Building Autonomous Agents Using Gemini 3 Pro's Tool Calling

Building Autonomous Agents Using Gemini 3 Pro's Tool Calling
Photo by Amanz / Unsplash

By now, in early 2026, the industry has firmly moved past the "chatbot" phase. We are no longer asking Large Language Models (LLMs) to simply talk; we are asking them to do. For CTOs and Senior Engineers, the focus has shifted from prompt engineering to custom ai agents development—building deterministic, reliable systems where models like Gemini 3 Pro act as the reasoning engine behind complex business workflows.

The release of Gemini 3 Pro has streamlined this significantly. Unlike previous iterations that required heavy middleware to manage tool schemas (the JSON definitions of what a model can do), the modern google-genai SDK combined with Gemini 3’s native reasoning capabilities allows for nearly "zero-latency" decision-making.

In this article, we will build a fully functional autonomous agent that can interact with a local database and perform external actions (mocked as email delivery), demonstrating the architectural patterns required for enterprise-grade agentic systems.

On-Demand Shared Software Engineering Team

Access a flexible, shared software product engineering team on demand through a predictable monthly subscription.

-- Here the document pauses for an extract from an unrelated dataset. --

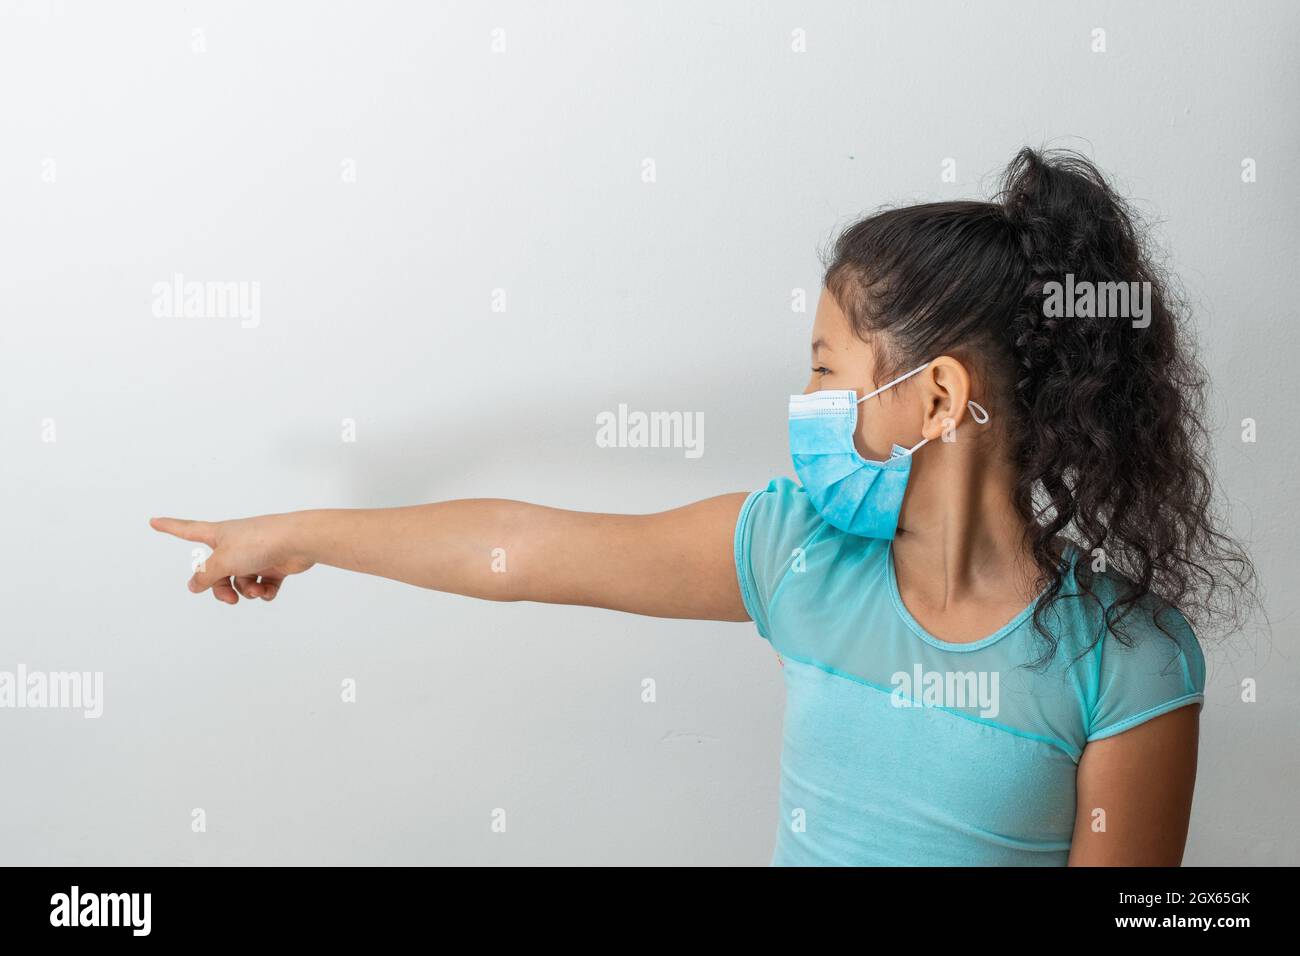 bambina (8 anni) seduta con la mano destra che punta a destra, ragazza marrone che stuzzica un'altra persona con una maschera chirurgica blu. Medico, pha Foto Stock

Expert developers, designers, QA engineers, and a free project manager help you build MVPs, scale products, and innovate with modern technologies like React, Node.js, and more.

Try 4Geeks Teams

The Architecture of a Modern Agent

Before writing code, we must understand the "Loop" that differentiates a standard API call from an Agent.

In a traditional RAG (Retrieval-Augmented Generation) setup, the flow is linear: Input -> Retrieve -> Answer.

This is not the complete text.